御本宮だってしっかり力強いので達成感があるが、さらに上ると奥社と呼ばれる場所があるらしいのだ(対談で天久さんがばち当たりなことすると死ぬって言ってた場所である)。
ここでまた山の雰囲気が変わった。
御本宮からさらに583段上ると奥社がある。
これはすごい。ここから見える景色もすごいけれど、なにしろここまで1368段もの階段を上がってきた人だけが感じられる達成感みたいなものがある。会う人会う人、「たいへんでしたねー」「汗かいちゃいましたー」とお互いをねぎらっていて、この雰囲気がすでにご利益満点である。
こんぴらさん近くの足湯
こんぴらさんから下山したらぜひおすすめしたいのが、参道の温泉施設にある足湯である。
この足湯は温浴施設の外にあって、もちろんお金を払えば中で温泉に入れるのだけれど、時間のない人は足湯だけ使わせてもらうことができる。
足湯で足は復活したけど、そういえば朝からなにも食べていない。もう限界。昨日のうどんもすっかり消化した。
駐車場のおじさんに教えてもらったうどん屋さんに向かう。
こちらのうどん屋さんもセルフスタイル。
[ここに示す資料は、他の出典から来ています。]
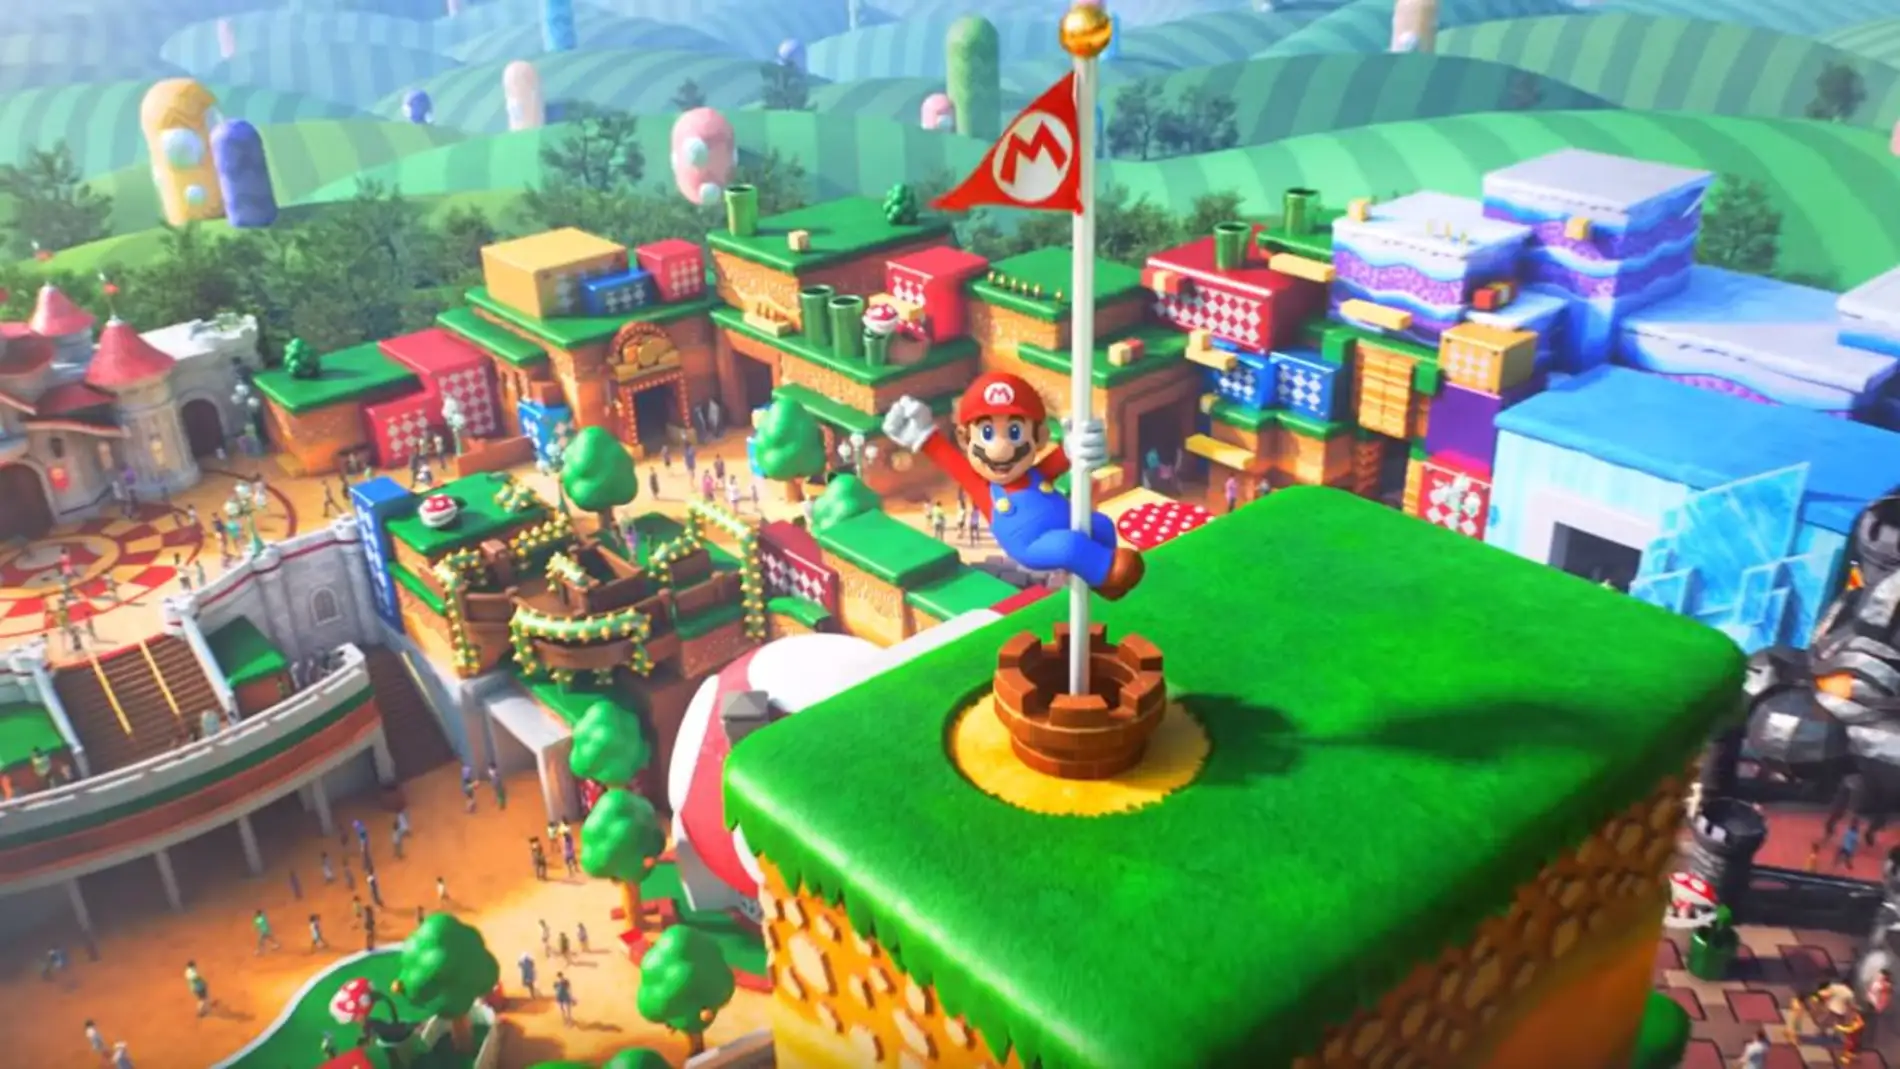 llave inglesa Arado Pasto Super Nintendo World: Atracciones, minijuegos y todo lo que necesitas saber  sobre el parque temático de Nintendo - VÍDEO

最初にうどんを注文して、流れに沿って好きなトッピングを取り、最後に会計するシステムである。
うどんだけでいいや、って思っていても魅力的なトッピングの前を無視して通り過ぎることなんてできない。よくできたシステムなのだ。
今回トッピングコーナーでがまんできずに取ってしまったのは「とり天」。これがまた甘めの味付けでサクサクふわふわで、たまりませんでした。
豊稔池のダム
「知ったかぶり対談」で香川出身の天久さんが、香川にはとにかくため池が多かったと言っていた。
地図を見ると確かに「池」と書かれた場所が多い。ここ豊稔池はインスタグラムでフォローしていた香川の人がおすすめしていた場所である。
豊稔池のダムについてはデイリーのダム専門家萩原さんもイチオシだったので間違いないだろう(四国ご当地ダム詣で)。
豊稔池と聞いて子供のころ遊んだスケールの池を想像していたのだけれど、これはどう見ても湖の迫力である。
ダムがあまりにもかっこよかったので僕もインスタグラムに投稿してみた。
豊稔池からの帰り道、湧き水を汲んでいるおとうさんに出会った。
いつもここで水を汲まれているんですか?と聞くと「うん。まあ、な。」とのこと。
よく水不足になる香川では、こうやってこんこんと湧き出る水は貴重なのだろう。ありがたく汲んで帰りたくなる気持ちもよくわかる。